A year after its release, Snapchat launched a feature that rapidly expanded the app’s audience: video recording. While only 10 seconds long, it was enough to increase the number of published snaps to 50 million a day.
Later in 2013, Snapchat introduced Stories. From that moment on, Snapchat users were able to post a series of photos and videos that remained available for viewing for the next 24 hours. Additionally, Snapchat came up with “Our Story”, another feature that allows Snapchat users around the world to post photos and videos from sporting events, concerts, political rallies, and other events.
By 2020, Snapchat’s active audience reached over 380 million monthly users. The social component of the service has guaranteed its popularity and relevance, supported by constant functionality updates. At the same time, recording and sharing videos still remains one of the most popular functions among users, with Snapchat users watching 18 billion videos daily.
While allowing brands to go after user-generated content, Snapchat is ultimately better suited for more traditional brand-driven campaigns.
TikTok — a rival appears
TikTok is a synthesis of two applications created in China, that initially had utterly different audiences: the bulk of the Western audience of TikTok initially used the Musical.ly, launched in August 2014, that allowed users to record 15-to-60 second long lipsync videos. The Eastern part of the audience used Douyin — the “original” version of TikTok (in China, the application is still known as Douyin, and despite the identical interface, it differs in functionality and content available).
Launched in China in September 2016, Douyin was introduced to the overseas market under its new name — TikTok — a year later. Soon, Bytedance, the developer of TikTok, decided to strengthen its position further: Musical.ly was acquired on November 9, 2017, and both platforms were merged into a single app, available to users around the world, on August 2, 2018. As of 2020, TikTok’s MAU has reached 800 million users.
In terms of its functionality and focus on immersing its users in entertainment content, TikTok is very close to Vine: dances, lipsyncing, challenges, reaction videos and similar user-generated content helped the service to virtually occupy Vine’s niche.

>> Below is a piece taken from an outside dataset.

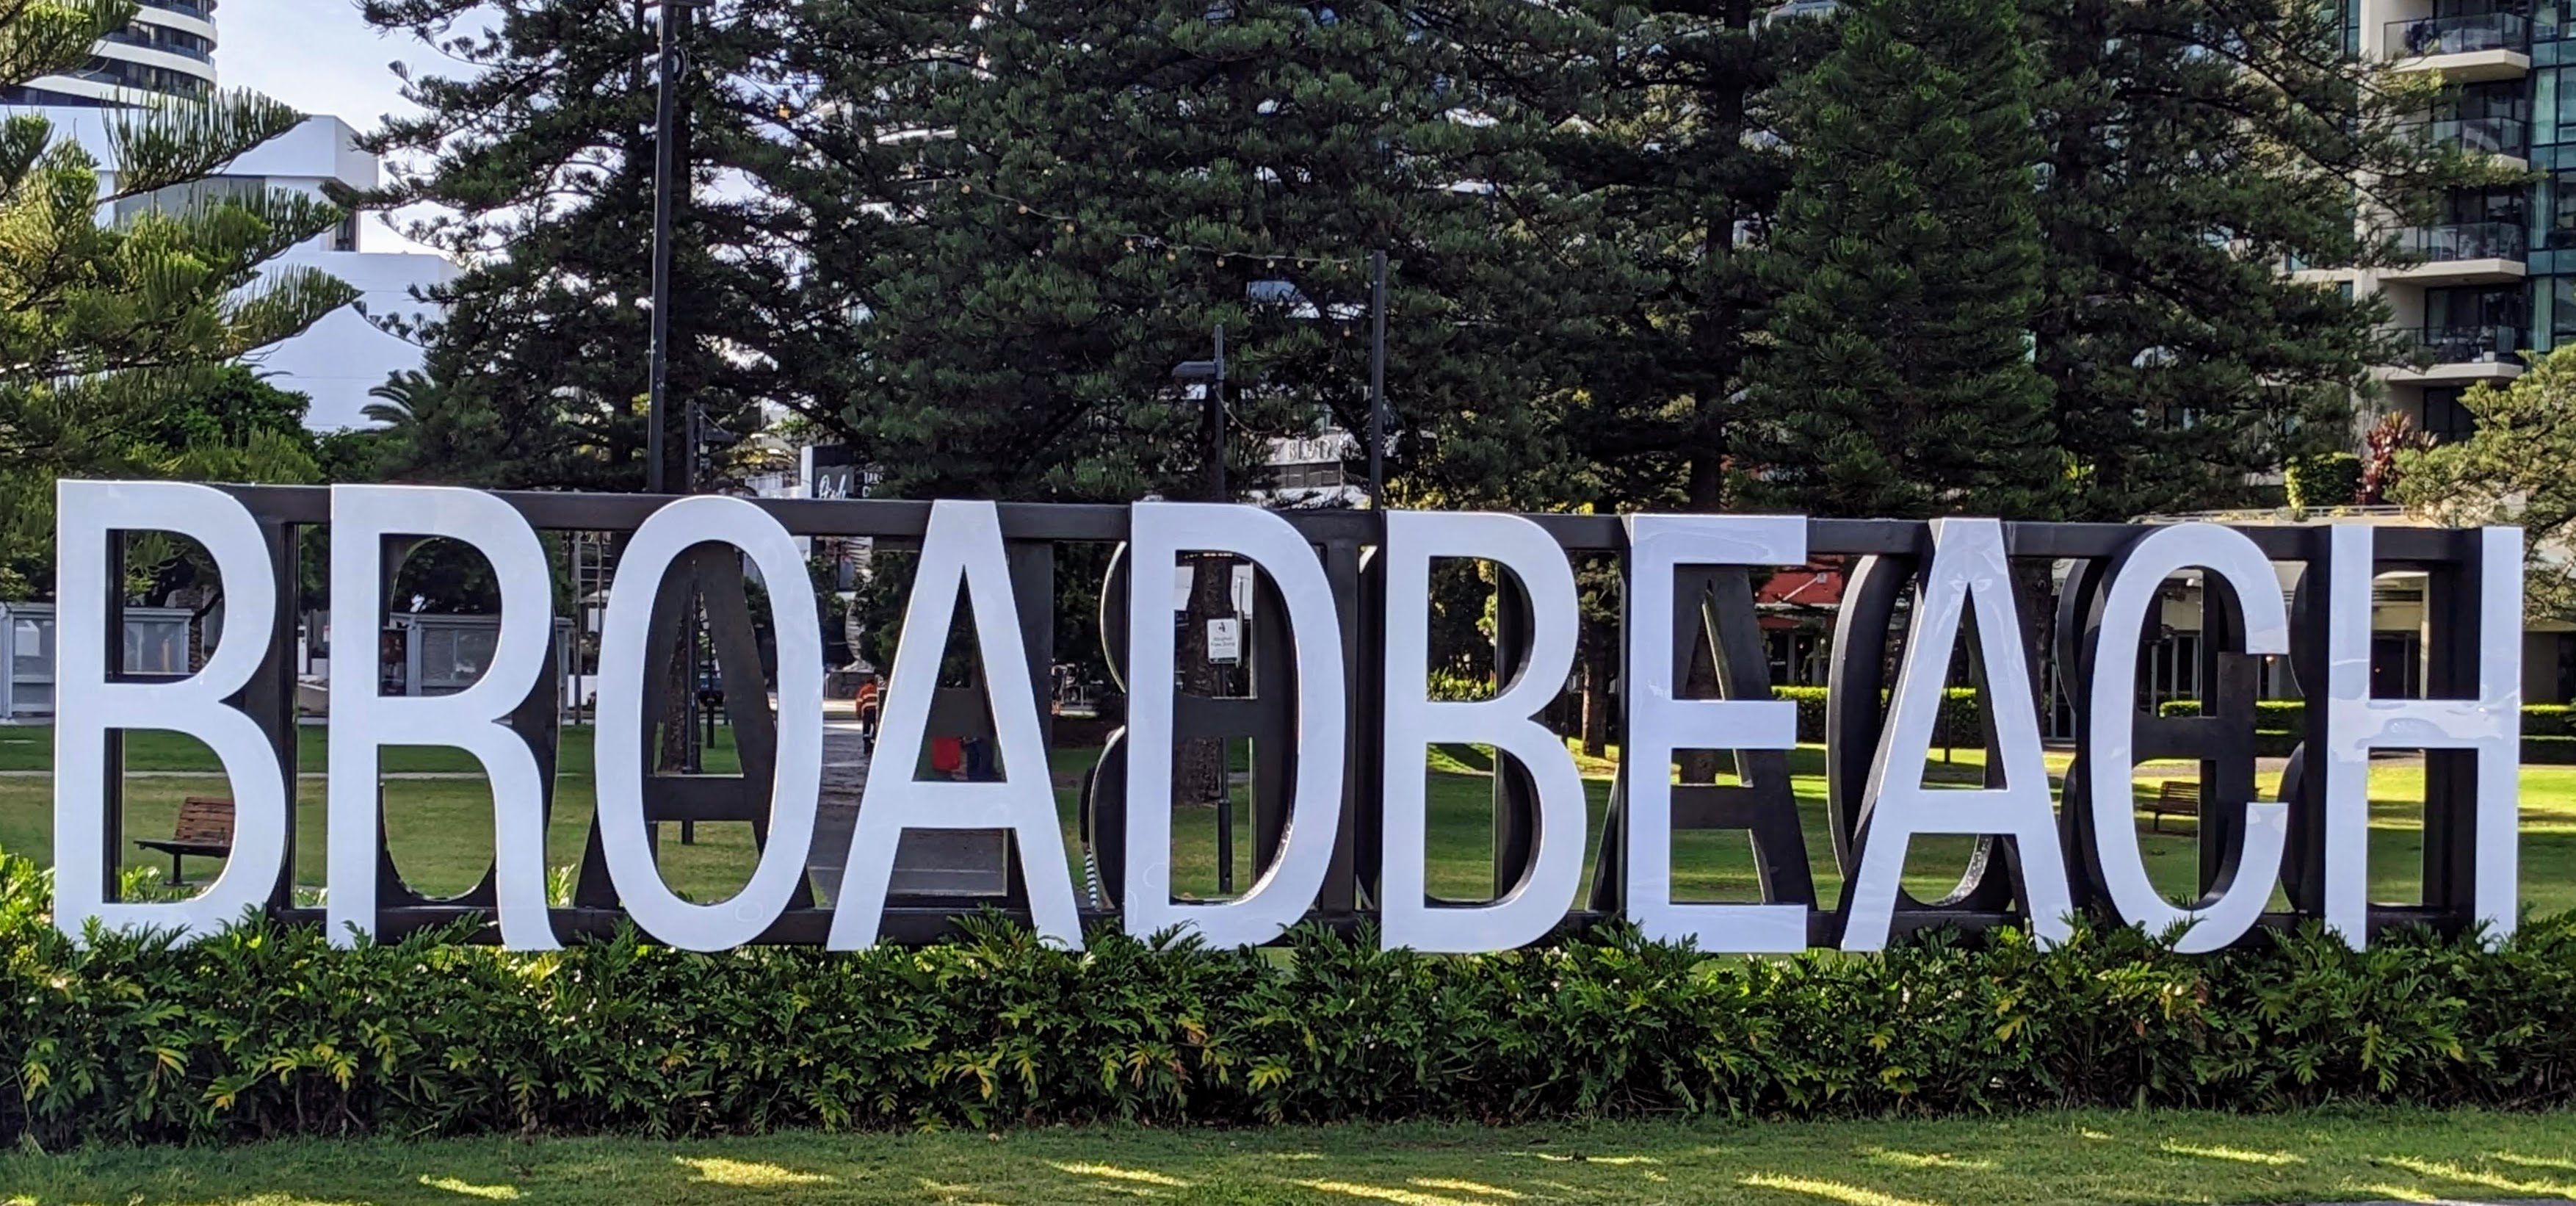 The Broadbeach sign located in Victoria Park

However, TikTok differs from its spiritual progenitor in terms of its content promotion algorithms, which significantly increase its value in the eyes of both influencers and marketers. Today the service is an almost perfect environment for user-generated content, which the company itself explicitly emphasises. This is further reinforced by the extreme popularity of challenges, thanks to which brands can either jump on the hype train or come up with their own challenges.
The new opportunities
Despite the seeming equilibrium between TikTok and Snapchat, the balance of power may change in the near future: in recent months, TikTok has faced a ban in India, where its active audience reached 119 million active users, and president Trump issued orders banning TikTok and WeChat in US, the attention of users immediately turned to… Vine. More precisely, to its direct descendant Byte, which supposedly should address all the mistakes of its progenitor, both in terms of functionality and in terms of monetisation, offering a revenue-sharing model, according to which the content creators with the most views will receive proportionate rewards.

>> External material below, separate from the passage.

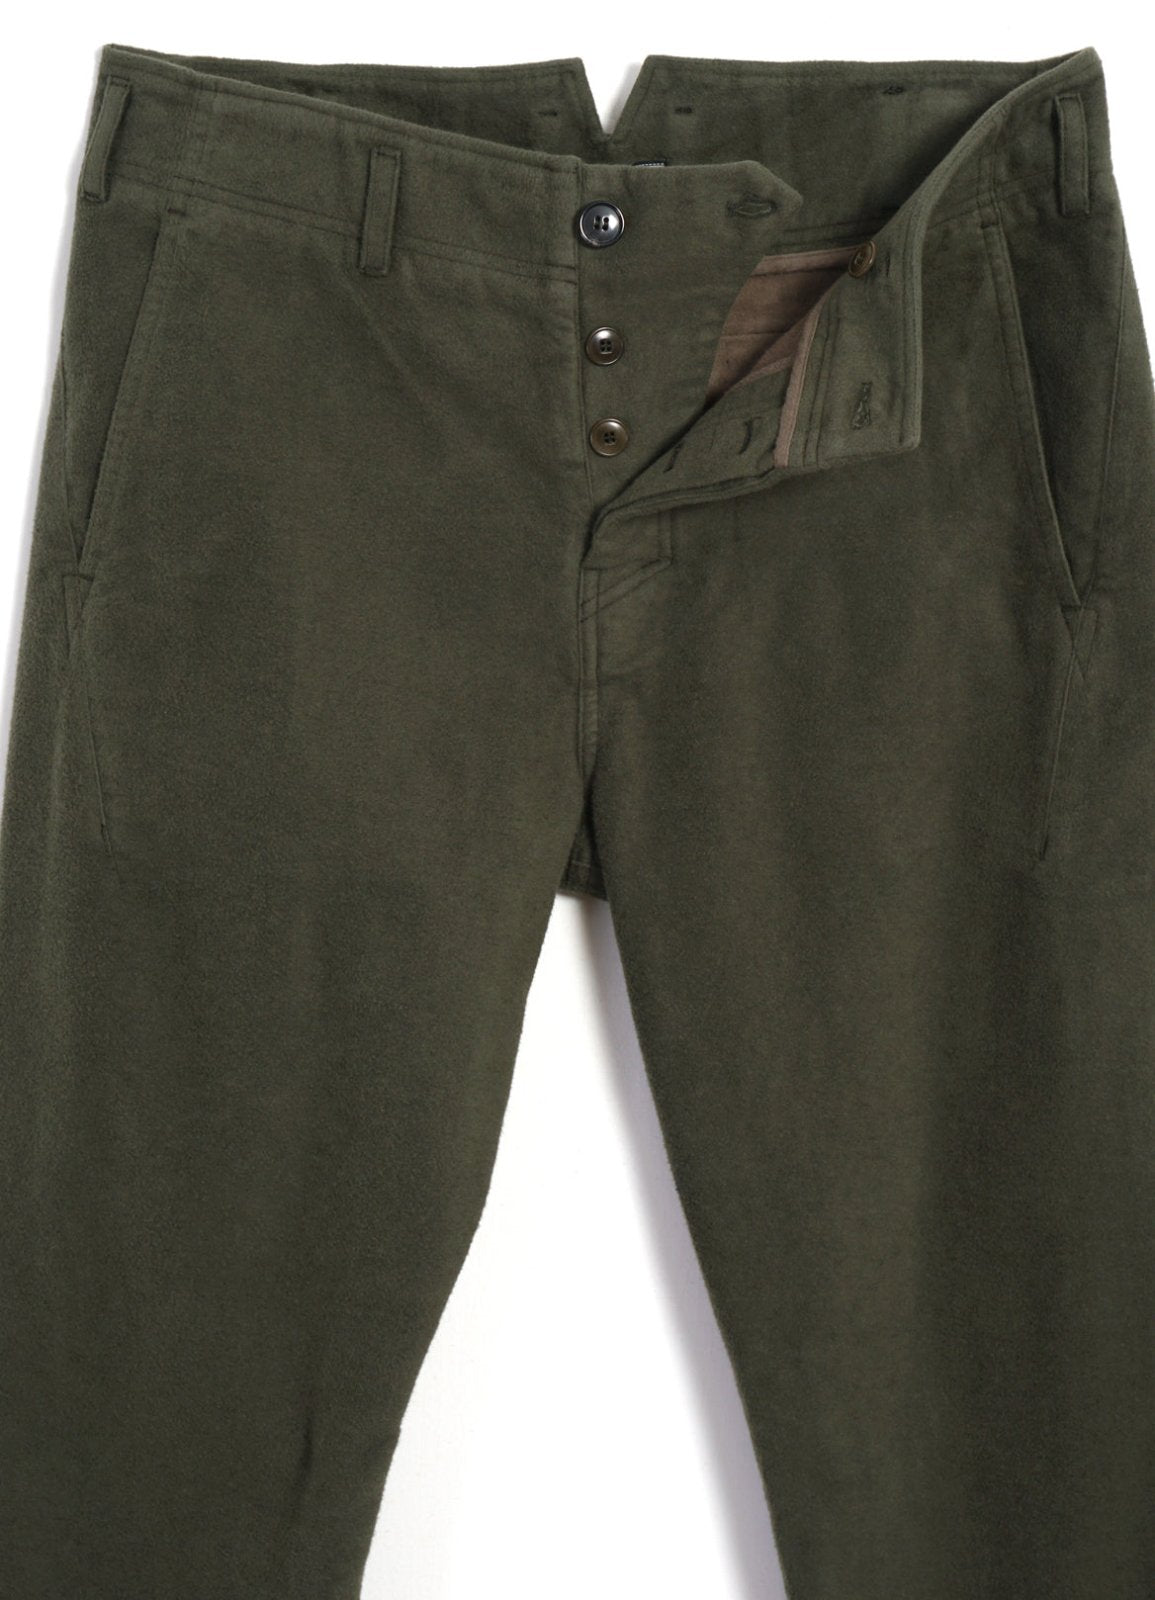 HANSEN GARMENTS - SVENNING | Slim Fit Trousers | Dark Green - HANSEN Garments

Despite all three platforms sharing a strong emphasis on the ability to create and share videos as a core function, the marketing application of these services differs:
- TikTok and Byte call for a more creative approach and represent a kind of “lottery” when it is difficult to predict whether a brand will succeed at following the ever-changing trends.
- Snapchat offers more advanced advertising options, including the in-app purchases, which can be especially attractive for retail brands or for those working with more “conservative” audiences.